Letter from Chas. E. Lotreck in Northampton, Massachusetts, to His Excellency the Governor in Montgomery, Alabama.

Dublin Core

Title

Letter from Chas. E. Lotreck in Northampton, Massachusetts, to His Excellency the Governor in Montgomery, Alabama.

Subject

Scottsboro Trial, Scottsboro, Ala., 1931; African Americans--Civil rights--Alabama; African Americans--Imprisonment--Alabama; Miller, Benjamin Meek, 1864-1944

Description

Chas. E. Lotreck writes that he had a trip planned to visit his friends in Montgomery, but will be cancelling it since he has learned that the roads were built by chain gangs. He continues that he will not give any money to a state so barbarous.

Creator

Lotreck, Chas. E.

Source

Alabama Governor, Scottsboro Case appeals to the Governor, SG004239, Folder 10, Alabama Dept. of Archives and History

Date

1933-05-23

Format

Letter

Language

English

Coverage

United States--Massachusetts--Northampton

Text Item Type Metadata

Transcription

Y. P. A. 3 CHICAGO CENTURY OF PROGRESS
3308 Crystal St. MAY 27 6 PM 1933 WORLD'S FAIR JUNE I Chicago, Illinois ILL. CHICAGO NOV I
1933

Governor H. B. Miller
Montgomery, Alabama.

file*

12 Hinckley St.,
Northampton, Mass.,
May 23, 1933

His Excellency the Governor
State of Alabama,
Montgomery, Alabama

Dear Sir:

Recently we were invited by friends sojourning in
your capital city to visit them in their home during our
vacation.

However we have canceled this visit since reading
that your roads were built by the sweat and blood of the chain
gang for which the romantic South is so notorious.
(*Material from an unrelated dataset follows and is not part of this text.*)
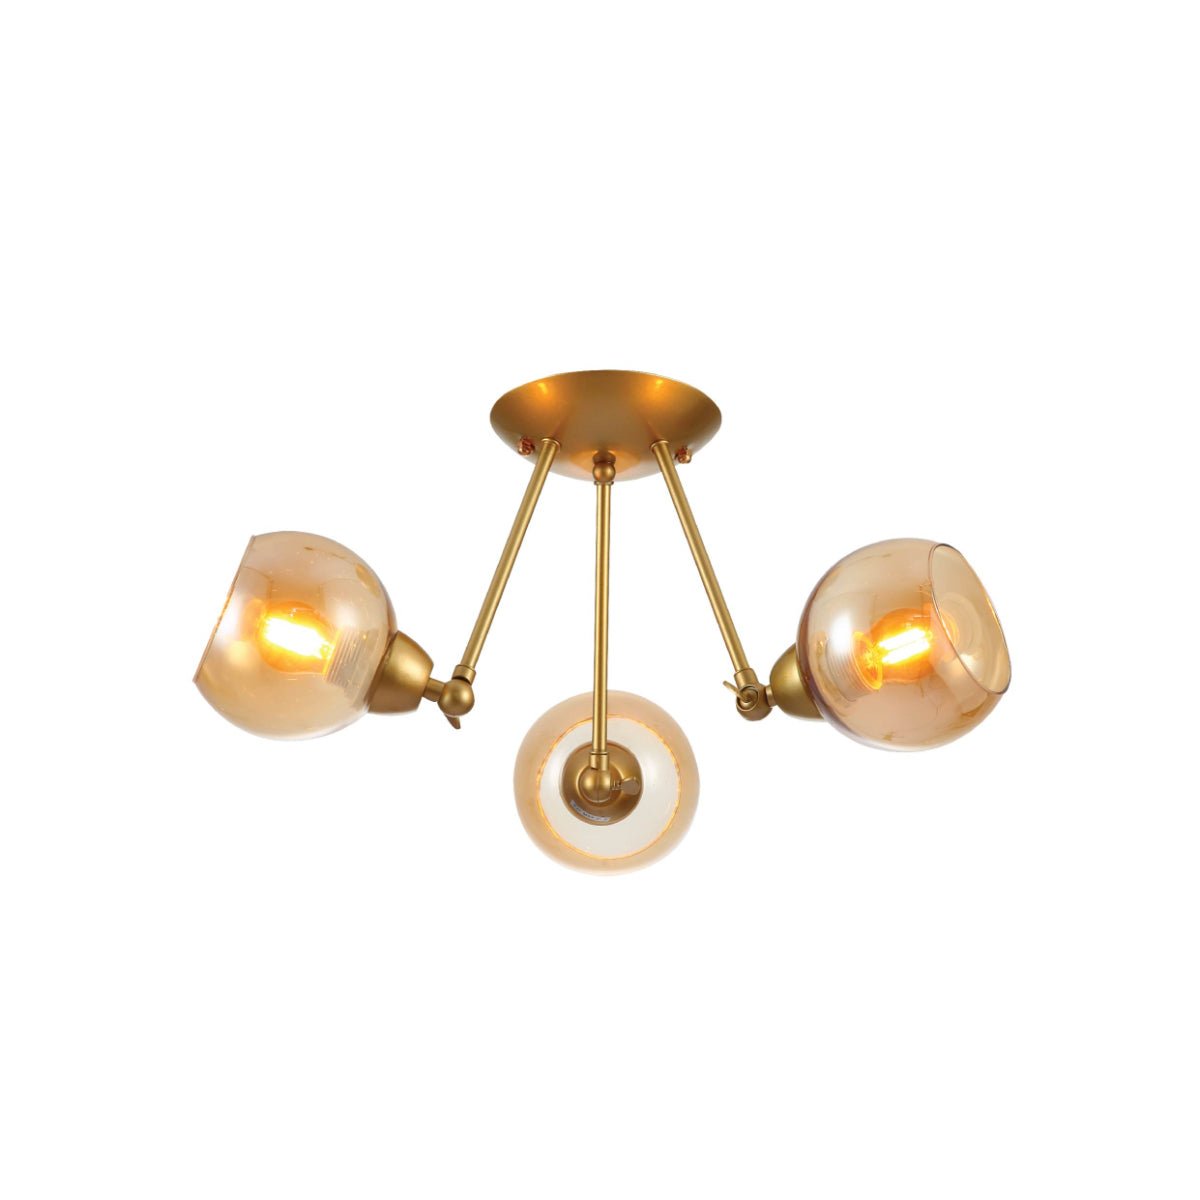 Main image of Gold Hinged Metal Amber Dome Glass Ceiling Light with E27 Fittings | TEKLED 159-17648

We cannot bring ourselves to spend money in a state
governed by barbarians, despite their self-assumed titles of
"Southern gentlemen", and have so advised our hospitable friends.

If you read Harper's Monthly, you would profit, and
perhaps even blush at the accusation that no white man could
let go unchallenged were it not the truth.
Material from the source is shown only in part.